Yeah, same deal here. If the battery was anything too horrendous, it would either be stock still or not reporting via LeafSpy. That's what mine did and the 'fault' as far as the vehicle was concerned was that the on-board charger wasn't communicating on the CAN. It wasn't communicating because it was toasted and pulling the internal supply voltage down, but the car didn't know that.
That seems like it's probably the best way forwards. It's a pretty easy swap (biggest pain is the coolant and replacing the seats). The HV connections can be a bit of a fiddle to get them to unlock, but just check the service manual and it'll explain it.
That response from Nissan Takapuna sounds pretty good, actually, I'm impressed. I'd always rather deal with someone like that than get the whole run-around, meaningless quote, etc.
Interesting that they have a bit of a problem, so far I was still the only person I'd heard of replacing theirs, so I was hoping it was a bit isolated.
The braking issue is just that it seems to randomly get really touchy and hard to stop smoothly.
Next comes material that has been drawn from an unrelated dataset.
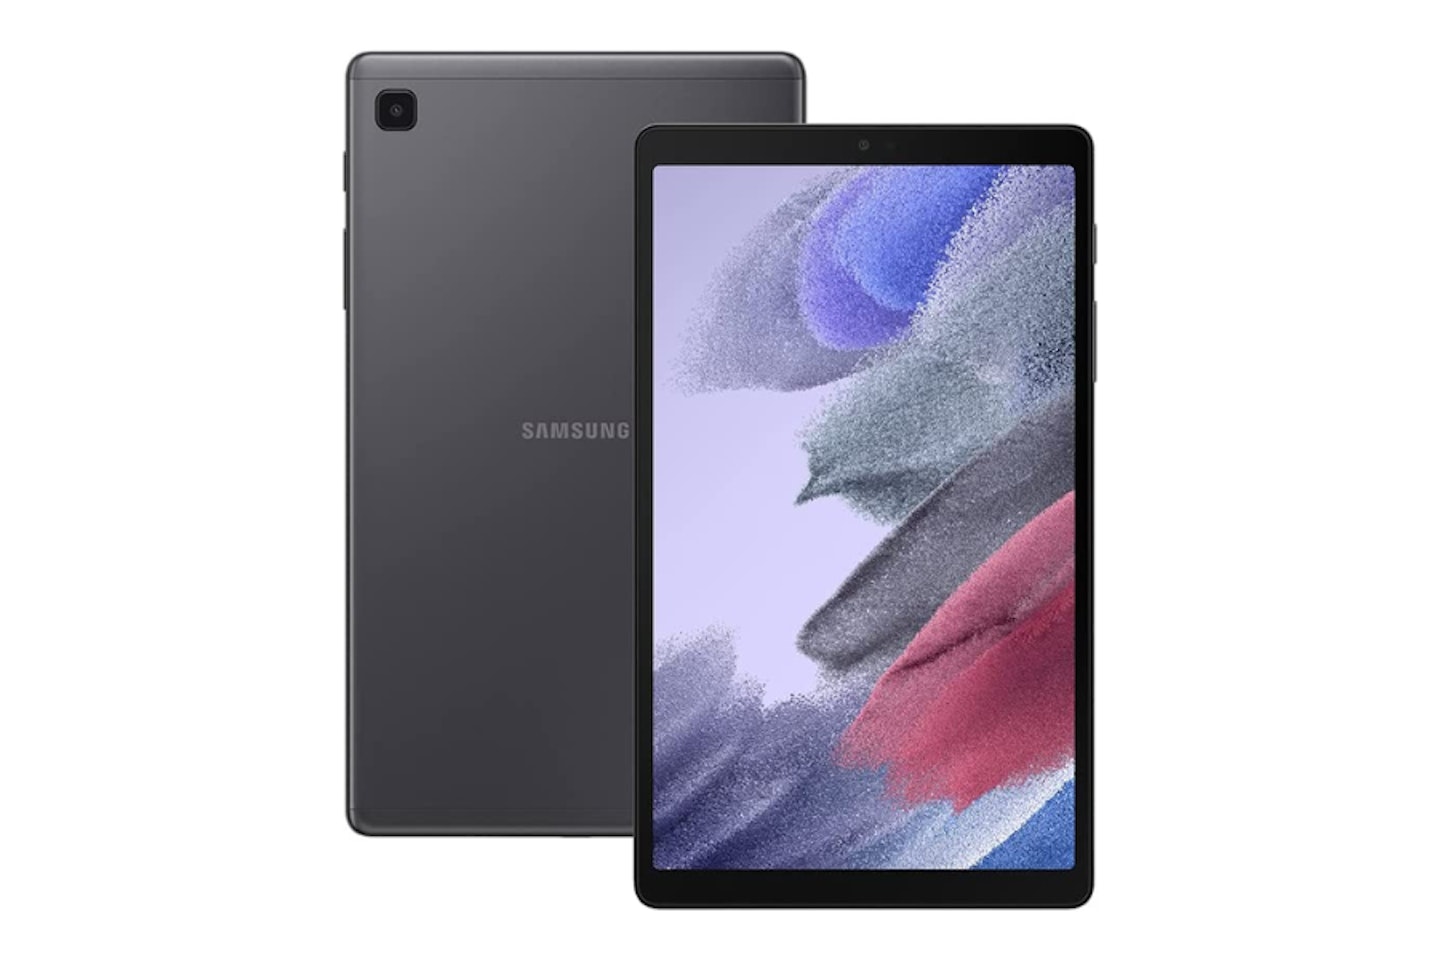 Samsung Galaxy Tab A7 Lite 8.7 Inch- one of the best mini tablets

I've seen quite a few people mention it and seen it get blamed on 12V battery issues, firmware, sticky rotors/calipers, all sorts. It's not enough to be an issue to drive, it's just a little annoying. It normally clears up for a bit if I come to a complete stop and give the pedal a good long/hard/slow press.
Anyway, like I said, try pull the cover off once you get it out and grab a few photos. If the controllers look the same then there might be a way to salvage the old one, once you've got a working one to test against.